- Born: 11 February 1944 Saint-Dié-des-Vosges, Occupied France
- Died: 14 May 2015 (aged 71) Saint-Dié-des-Vosges, France
- Motive: Vigilantism
- Conviction: Murder
- Criminal penalty: 10 years imprisonment

Details
- Victims: René Bousquet, 84
- Date: 8 June 1993

= Christian Didier =

Killer of René Bousquet

Christian Didier (/fr/; 11 February 1944 – 14 May 2015) came to public attention after 8 June 1993 as the assassin of René Bousquet, a friend of French President François Mitterrand, who had served as a senior police official under Vichy France, which administered the southern half of France during the German occupation. Directly after the killing, Didier telephoned a succession of newspaper editors in order to organise an ad hoc press conference, meaning that the police had no difficulty in locating him.

In 2013, Didier unsuccessfully sued Alain Minc for defamation after the author, in a biographical book on Bousquet, described Didier as fou ("crazy", "mad").

==Biography==
===Provenance and early years===
Christian Didier was born at Saint Dié, then a small and relatively isolated industrial town in the Vosges foothills to the south-east of Nancy. His father is described in sources as an "artisan hairdresser", with whom he was frequently involved in violent conflict. Despite more than one attempt, he never passed his school final exams. Later, testifying at his trial in 1995, Marie-Thérèse Didier, his mother, described a troubled childhood and youth, characterised by failure at school, rejection by girls and possible employers, and suicidal concerns. But there was also a determination to reject what he perceived as wrong-doing: "Il ne supportait pas le mal, tout ça le bouleversait" (loosely, "He couldn't stand wrong-doing: all that stuff upset him").

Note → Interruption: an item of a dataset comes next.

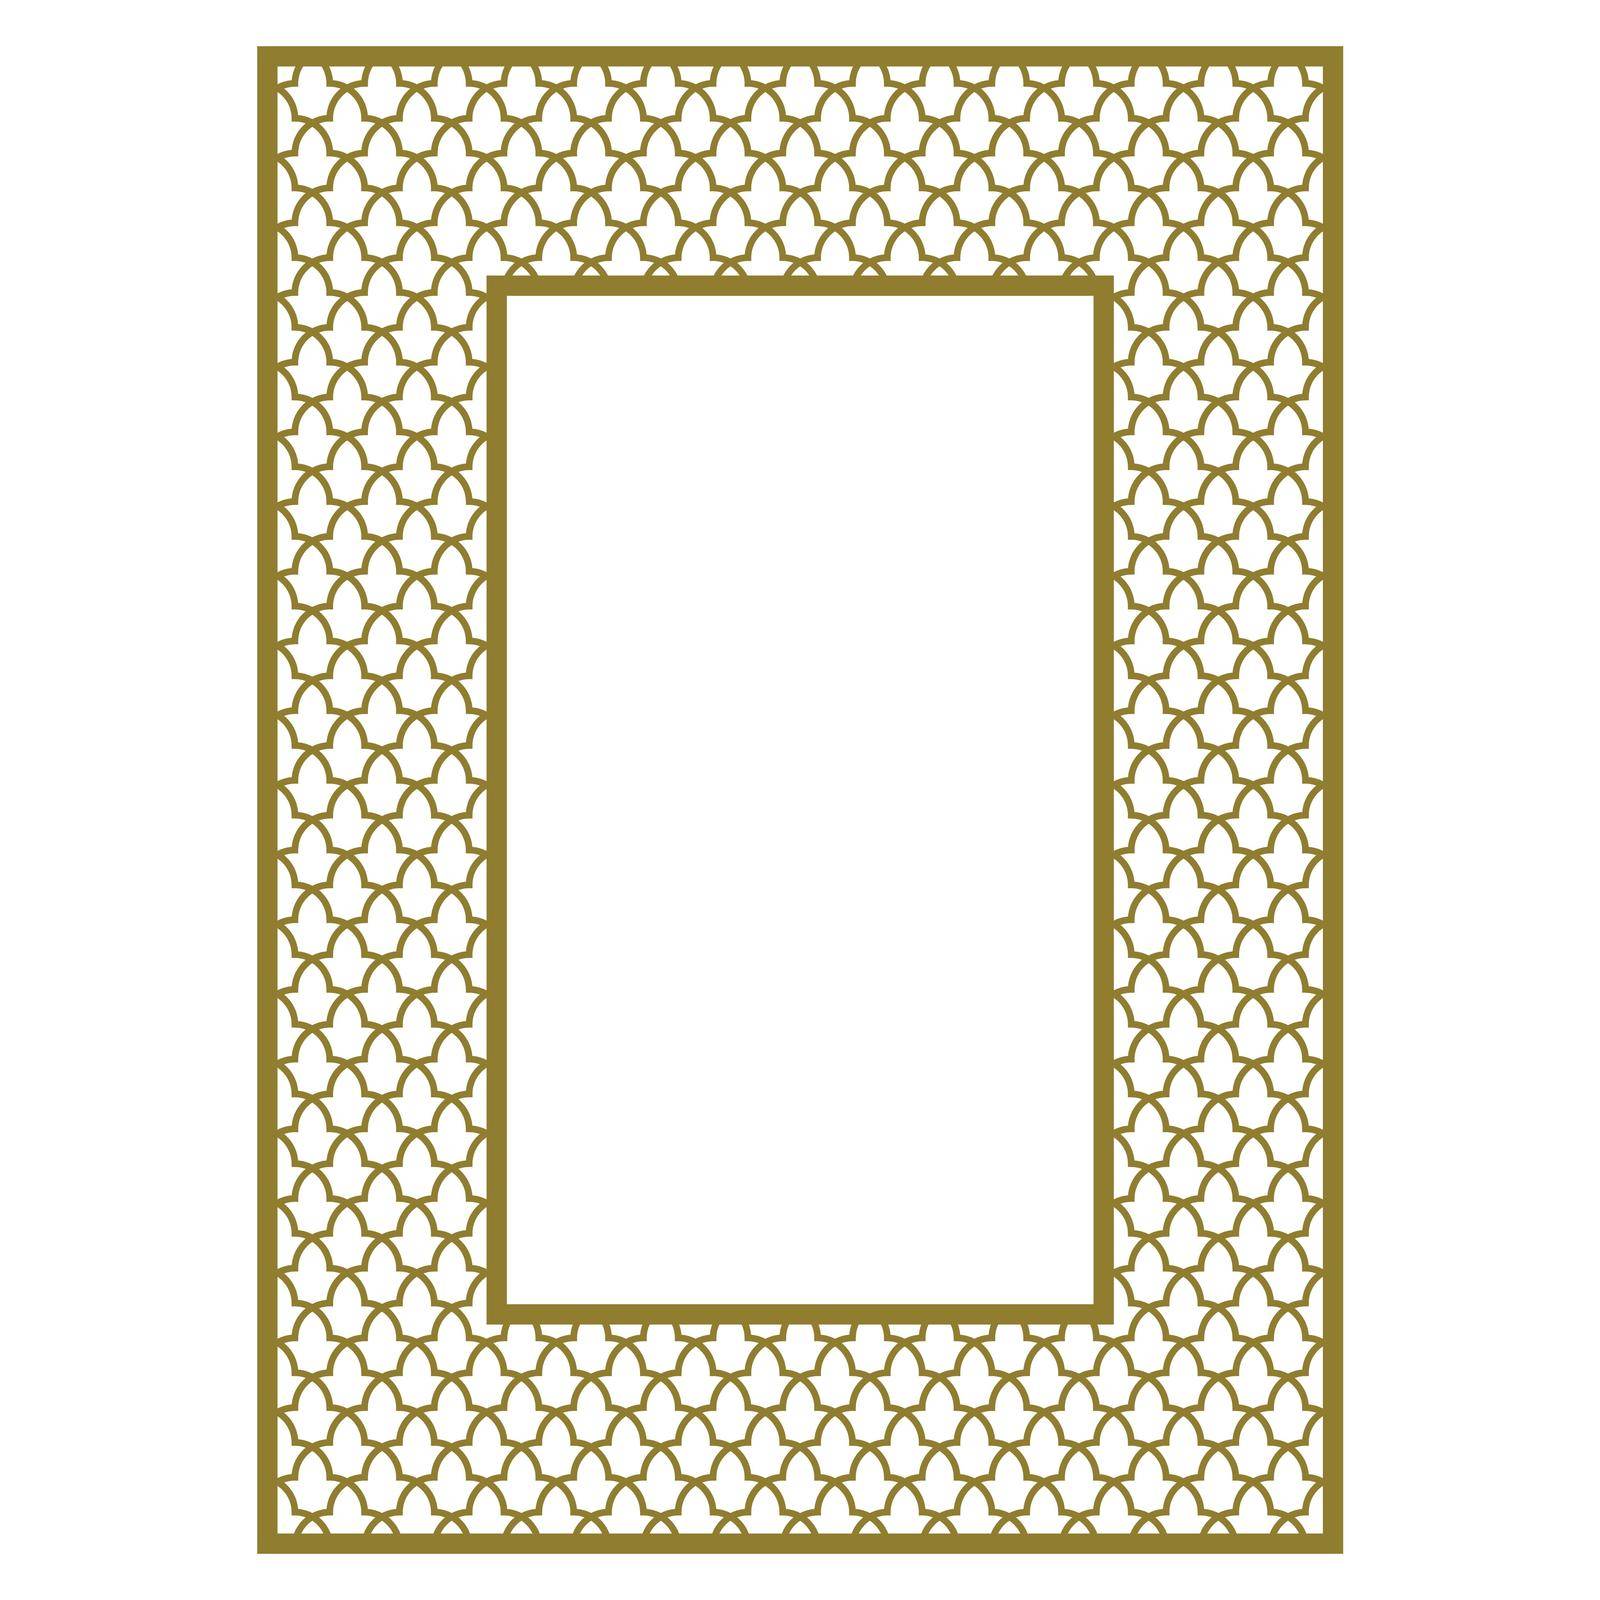 Decorative rectangular frame with an ornament in Arabic style. by ALYOHA

After leaving school, a succession of brief stints at several jobs followed, including as a metallurgist, internships supervisor, locksmith, archivist and delivery driver. He spent some time outside France, traveling to Norway, Sweden, Australia and even, during the "beat generation years", California. He was committed to psychiatric hospitals, due to his mental health issues.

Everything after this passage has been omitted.